洗足学園音楽大学 シルバーマウンテン・eキューブが完成しました。設計はk/o design studio (主宰:押野見邦英) とKAJIMA DESIGN です。
この計画は、リハーサル室を3層に積み重ねたシルバーマウンテン(スタジオ棟)と、学生サービス・教員ラウンジ・その他管理部門を5層にまとめたeキューブ(事務棟)で構成されています。
シルバーマウンテンは、滑らかにカーブするボリュームに銀鱗のようなステンレス板をまとい、これと対をなすeキューブは、矩形の量塊に赤いタイルを貼った硬質な表現となっています。アラップは、シルバーマウンテンについて、計画段階から施工に至るまで包括的なファサードエンジニアリングを提供しました。
パラメトリックモデリングにより形態を最適化
シルバーマウンテンの意匠が目指したのは、自由曲面によって作り出された有機的な形態です。一方で、機能上必要となるボリュームを確保し、法規上の建築制限をクリアすることも求められました。これらの異なる要求を満たす最適な形態を生み出すために、新たに導入されたのは“パラメトリックモデリング”という手法です。パラメータによって5本の走査曲線を制御し、三次元曲面を生成するこのモデリング手法は、さまざまな条件に応じて形態を微調整し、最適な形態を導くことを可能にしました。
ダイナミック・リラクゼーション手法に基づく外装計画
もう一つの大きな課題となったのは、ステンレス板の一文字葺で構成する外装の割付でした。製作、施工を効率的に行うためには、特殊形状パネルを減らし、できるだけ多くの単純で同じ寸法のパネルを割り付ける必要があります。そこで、ケーブルや膜構造の形状定義に用いられる“ダイナミック・リラクゼーション”と呼ばれるアルゴリズムを用いた検討を行いました。パネルの目地をケーブルに見立て、繰り返し動的解析を行った結果、特殊形状パネルを最小限にして、約9割を長方形パネルで構成することができました。
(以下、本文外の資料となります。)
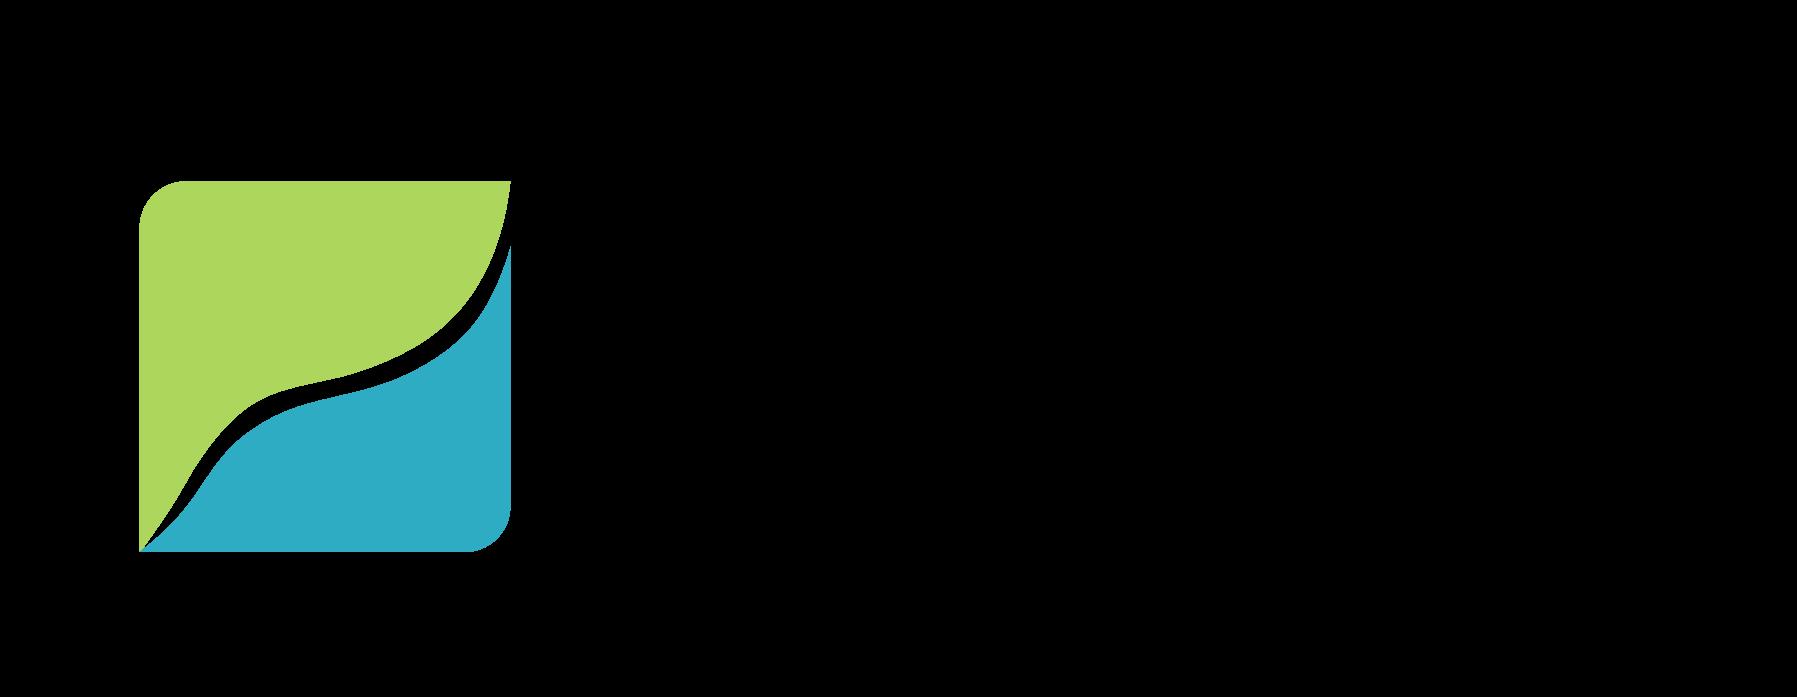 Nanotech-Logo-no-outline
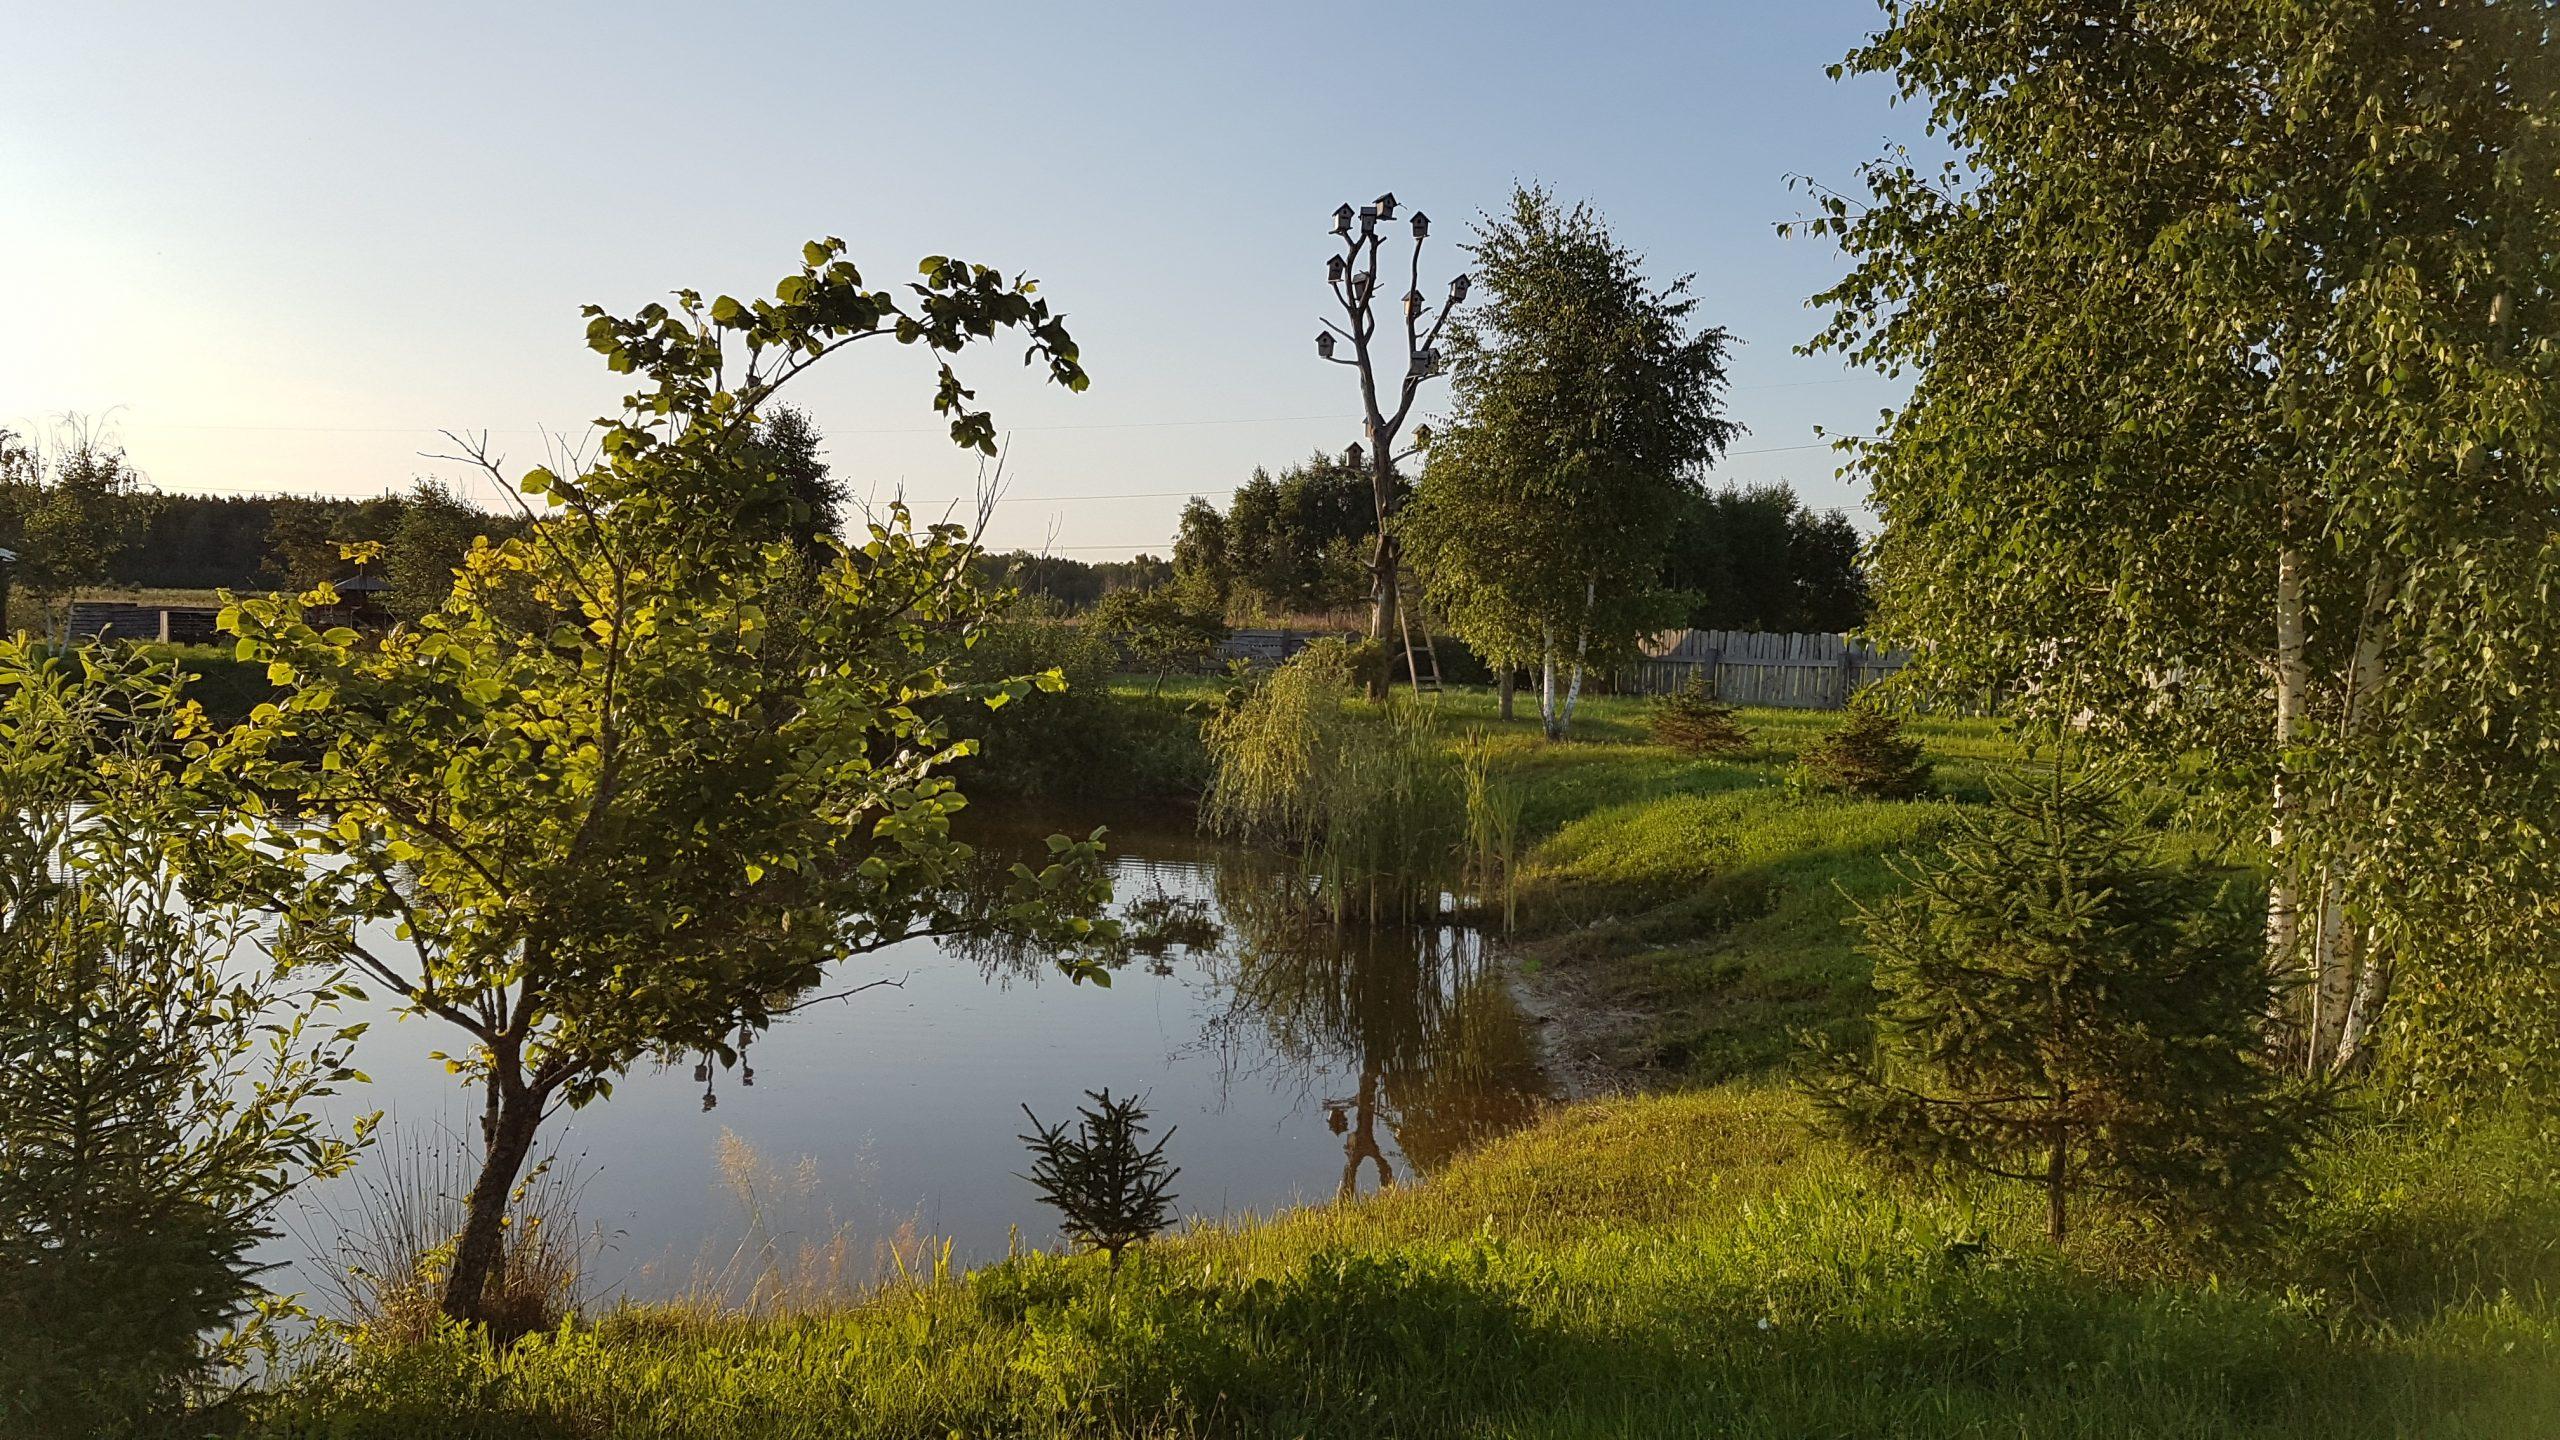 31 juillet : En route pour le parc national de Pripyatskiy - jour 2

これにより、施工性も担保した上で、自然界の銀鱗のような有機的なパネルパターンを実現しています。
輝度解析による視環境の検証
ステンレス板で覆われた自由曲面は、日射を思わぬ方向に反射させるため、大学の学生や近隣住民への影響が懸念されました。建物表面の輝度分布を解析し、反射光によるグレアの検証を行った結果、反射率の低い表面仕上げであれば、不快なグレアが抑制され、許容範囲内に収まることが明らかになりました。葺き材はこの結果に基づき、選定されています。
施工段階のジオメトリック・エンジニアリング・サポート
アラップは、施工精度の管理においても、技術サポートを行いました。ダイナミック・リラクゼーション理論によって最適化したパネル割付を実現するためには、下地となるコンクリート躯体は正確に施工されていなければなりません。施工者は、レーザーで鉄筋にマーキングを施し、その位置を計測することで形の管理を行っていました。私たちは、この実測データを3Dモデルに取り込み、計画位置からの誤差を分析、誤差の数値データとともにモデル上に可視化した情報を提供しました。この情報をもとにモルタルの厚みが調整され、高い精度のコンクリート躯体が実現したのです。